Lead Identification and Retargeting: Customers also rave about the ability to not only capture leads but to take action with them. A Capterra review said, “The visitor identification and retargeting features are incredible. We can now track anonymous visitors, identify who they are, and remarket to them via ads and email. It’s helped us capture leads we would have otherwise lost.”

Customer Support: Several reviewers have praised the platform’s customer support. One G2 reviewer shared, “The support team is always responsive and ready to help. Whenever we hit a snag, they’ve been there to guide us through, making sure we get the most out of the platform.”

2. OptinMonster

URL: https://www.optinmonster.com

What it Does: OptinMonster specializes in building email capture forms such as pop-ups, slide-ins, and banners to convert website visitors into subscribers and customers. It’s known for its A/B testing features and exit-intent technology.

Pricing: Plans start at $9/month, billed annually.

Rating: ★★★★☆ (4.5/5)

OptinMonster Email Capture Software Reviews:

OptinMonster is widely praised for its conversion optimization features and exit-intent technology.

Lead Conversion: A G2 reviewer shared, “OptinMonster’s exit-intent technology has saved us thousands in lost leads. We’ve been able to capture users who were about to leave and turn them into subscribers or customers.”

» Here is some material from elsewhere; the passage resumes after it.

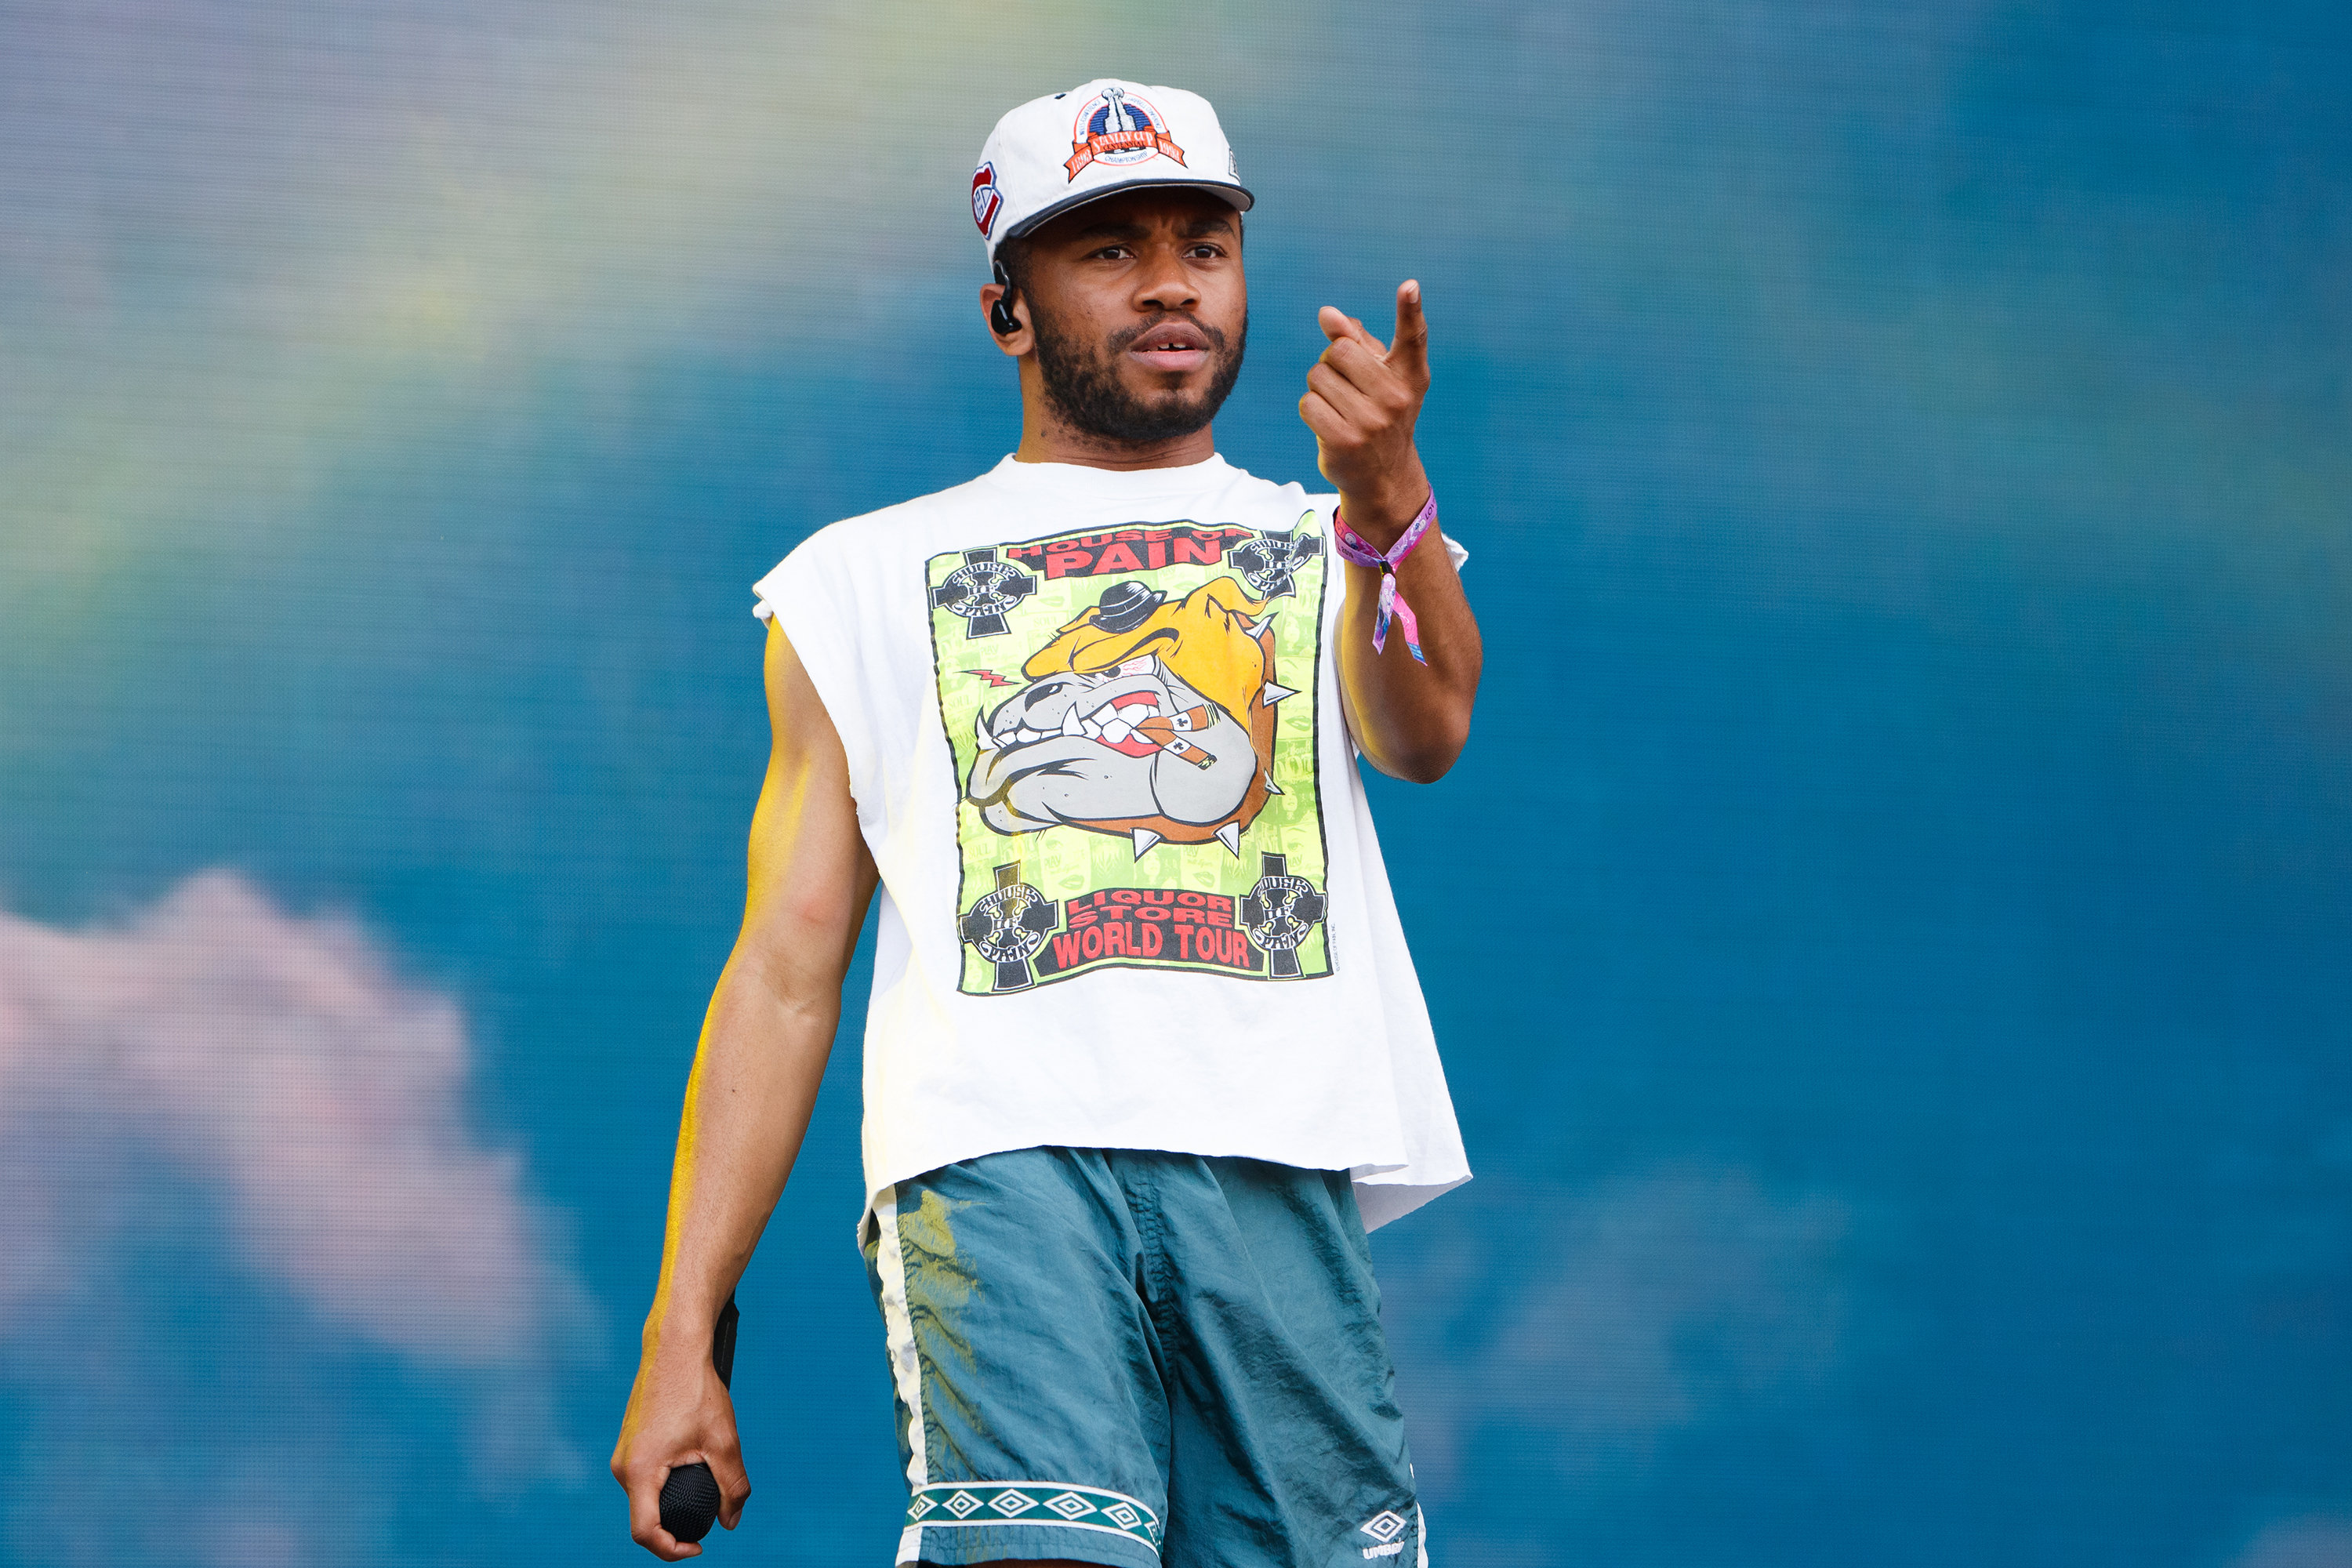 Watch Kevin Abstract's 10-Hour Treadmill Livestream

User Interface: One user on Trustpilot commented, “The drag-and-drop builder is easy to use, and the templates made it simple to get started without needing a designer.”

Flexibility: On Capterra, a reviewer mentioned, “The flexibility to run different campaigns—pop-ups, slide-ins, banners—has given us a lot of creative control over how we capture leads.”

3. ConvertFlow

URL: https://www.convertflow.com

What it Does: ConvertFlow is a lead generation platform that helps marketers create personalized on-site experiences, including pop-ups, forms, and quizzes, to capture and convert leads. It integrates with various CRM and email marketing platforms to automate follow-ups and email capture.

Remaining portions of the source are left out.